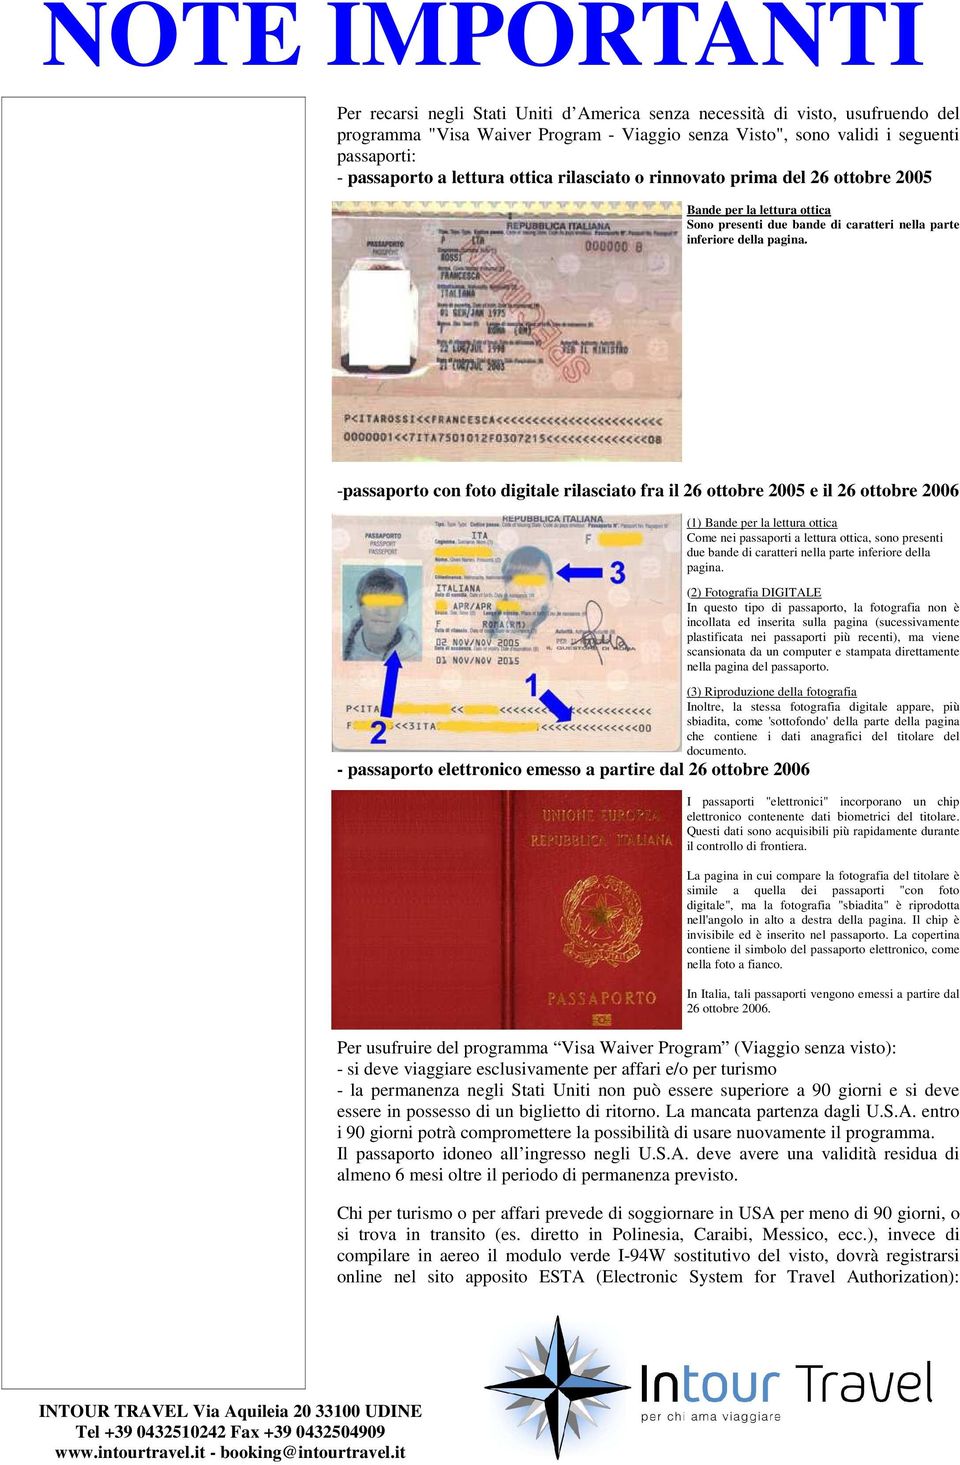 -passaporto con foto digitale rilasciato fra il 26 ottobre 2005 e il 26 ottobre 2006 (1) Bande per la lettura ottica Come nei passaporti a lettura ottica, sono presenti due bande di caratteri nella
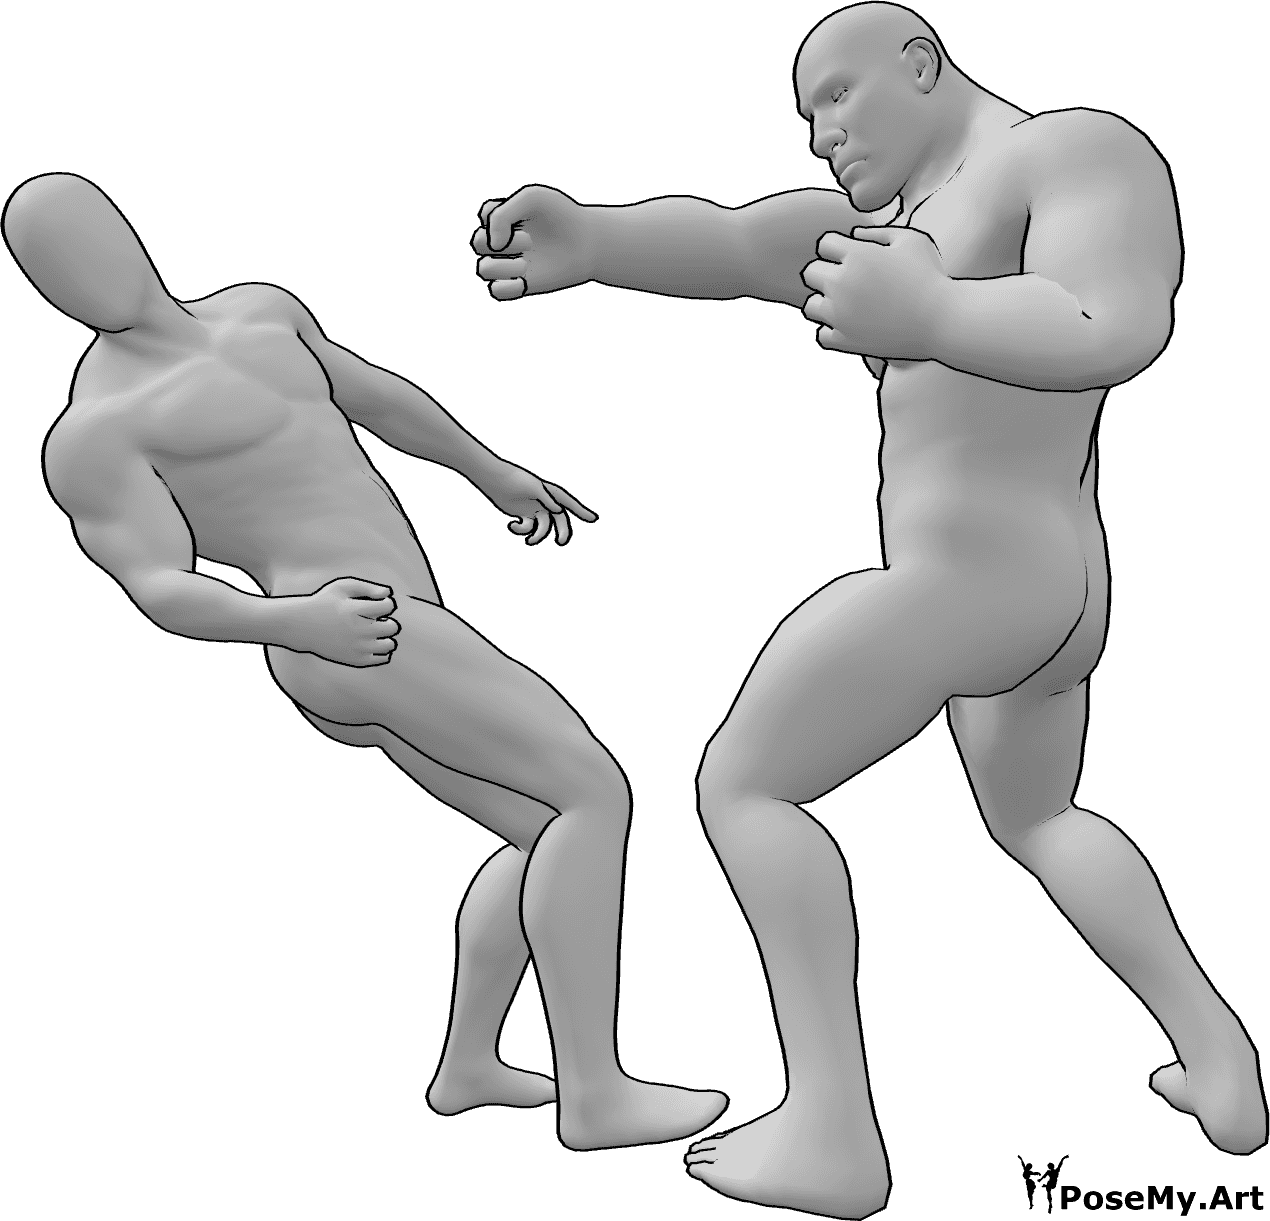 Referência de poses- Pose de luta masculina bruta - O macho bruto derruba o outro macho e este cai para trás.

--

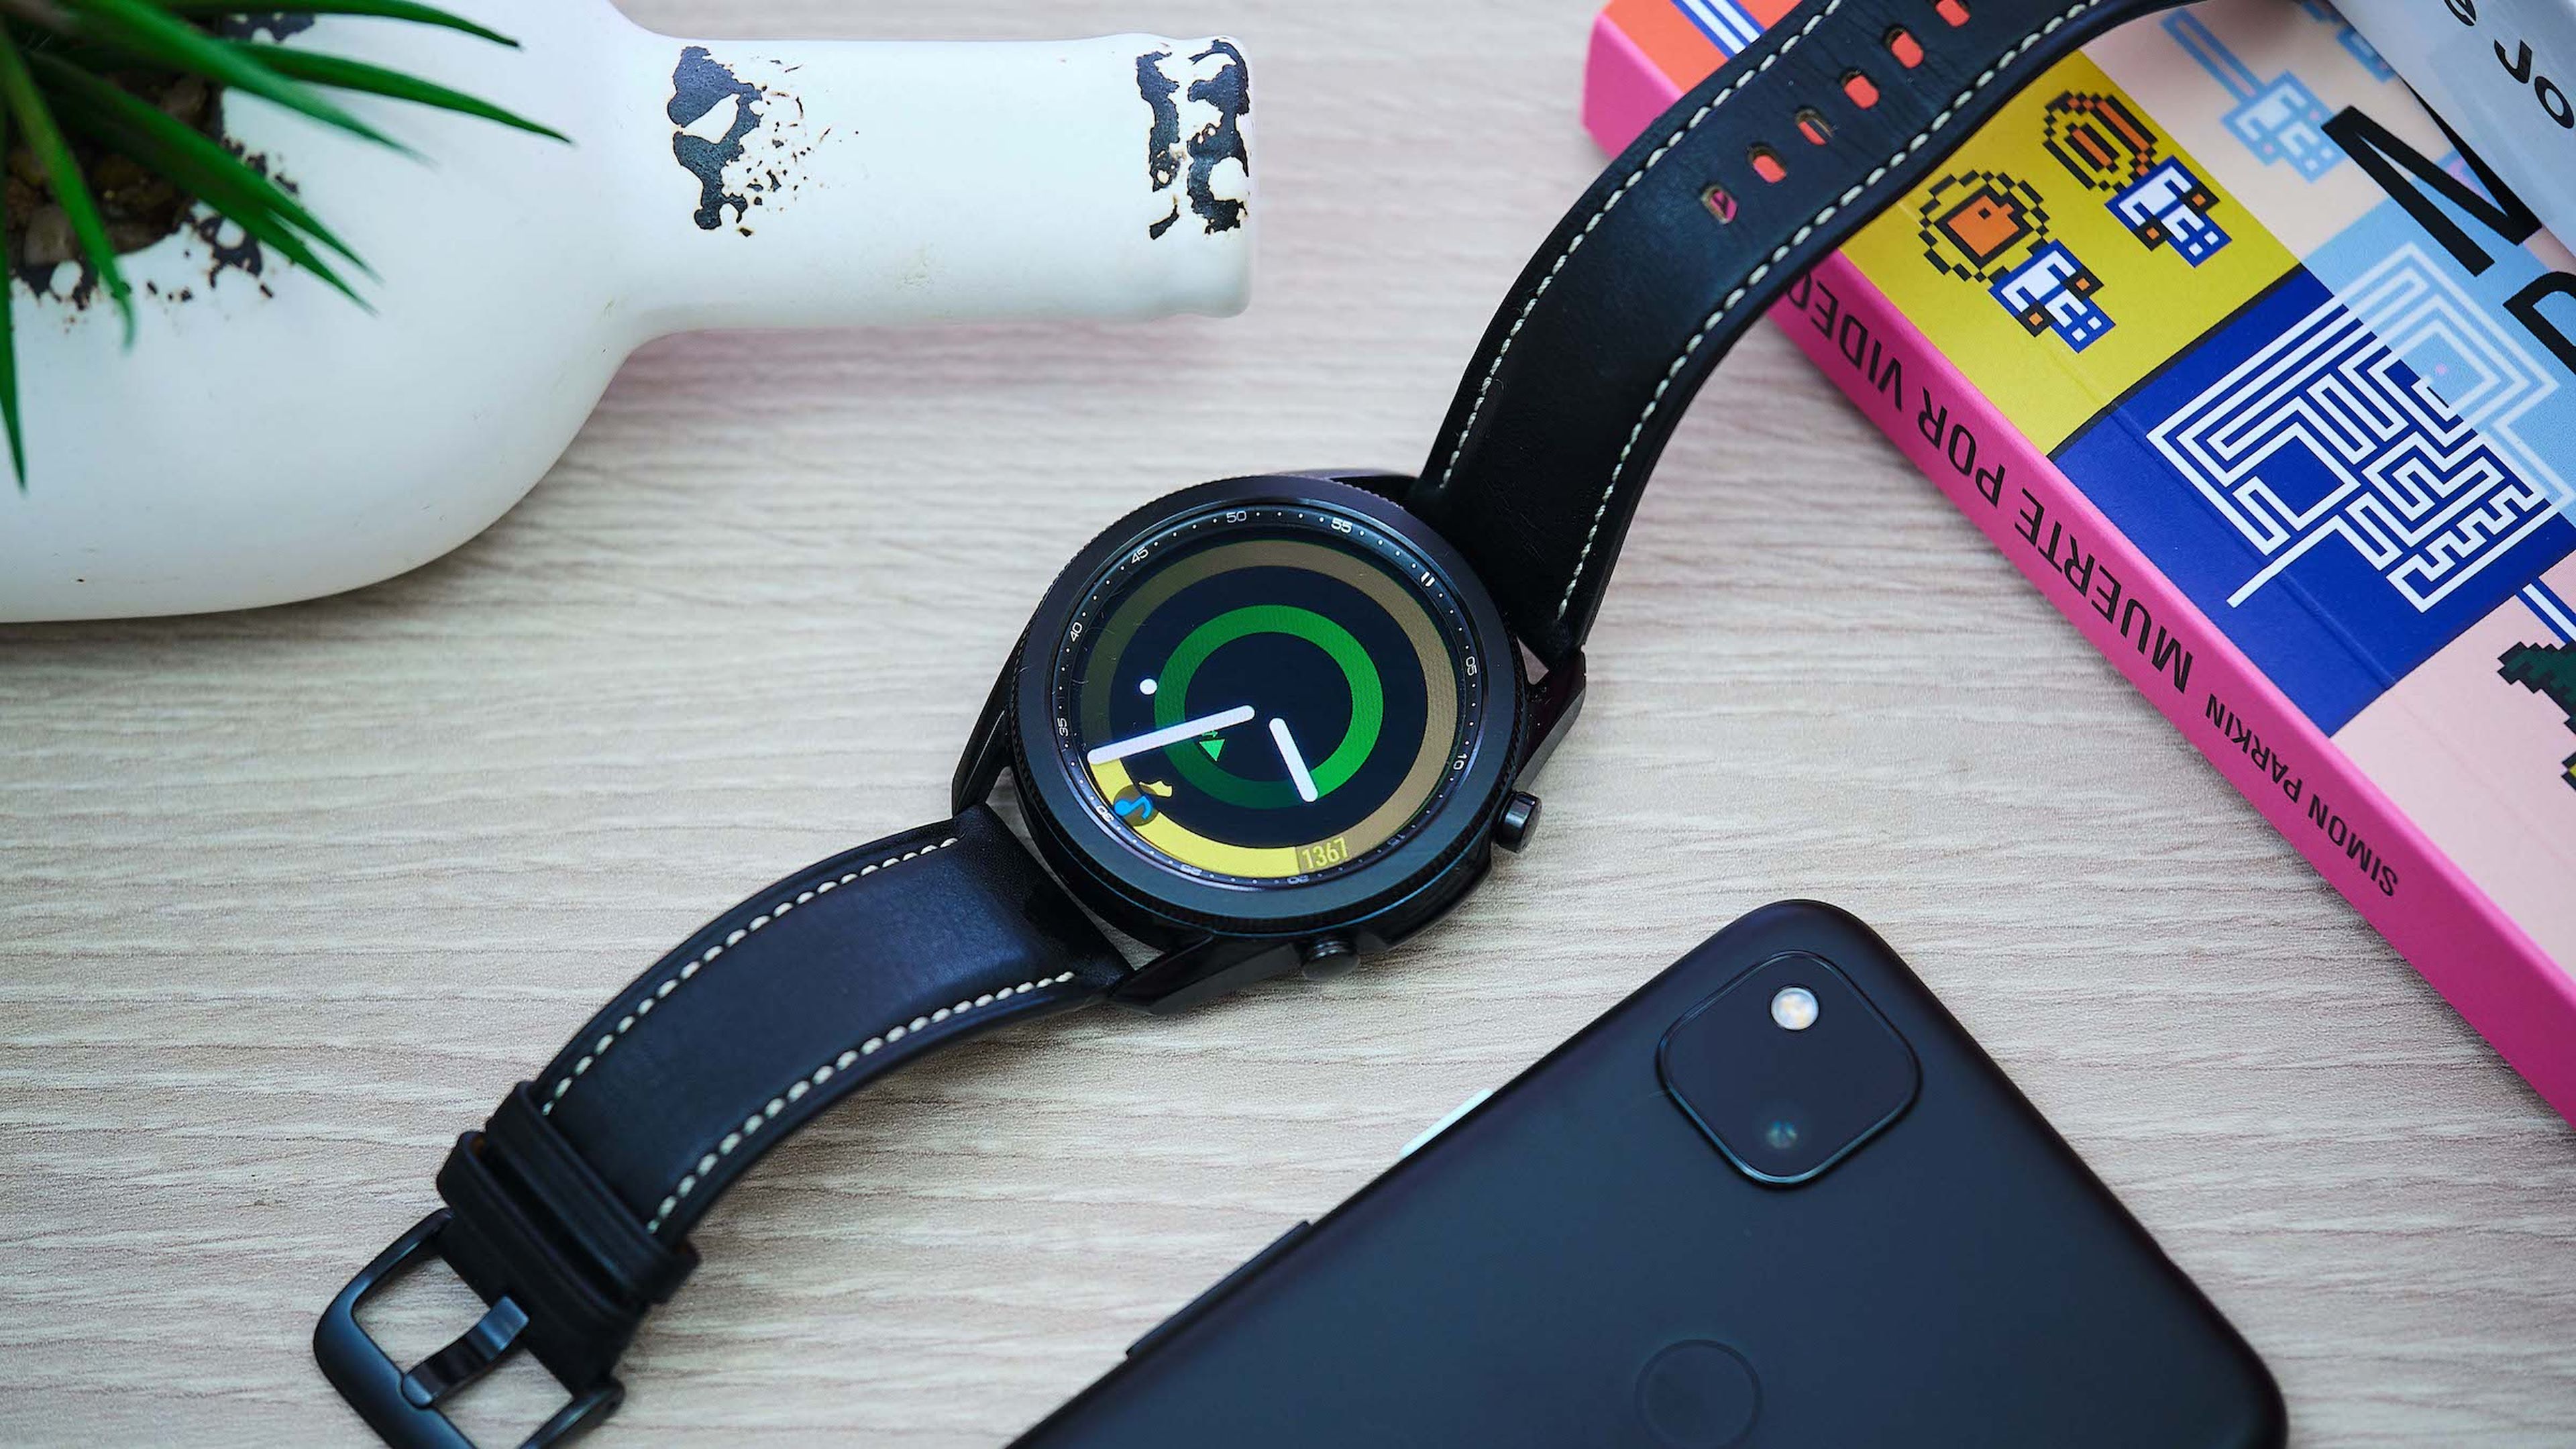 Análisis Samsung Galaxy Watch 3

Problem requirements —
Look above for the line with "-passaporto con foto", then print it and each line after it down to and including the line with "Referência de poses- Pose". Leave out the pictures and keep the wording exact.

Solution to this problem —
 -passaporto con foto digitale rilasciato fra il 26 ottobre 2005 e il 26 ottobre 2006 (1) Bande per la lettura ottica Come nei passaporti a lettura ottica, sono presenti due bande di caratteri nella
 Referência de poses- Pose de luta masculina bruta - O macho bruto derruba o outro macho e este cai para trás.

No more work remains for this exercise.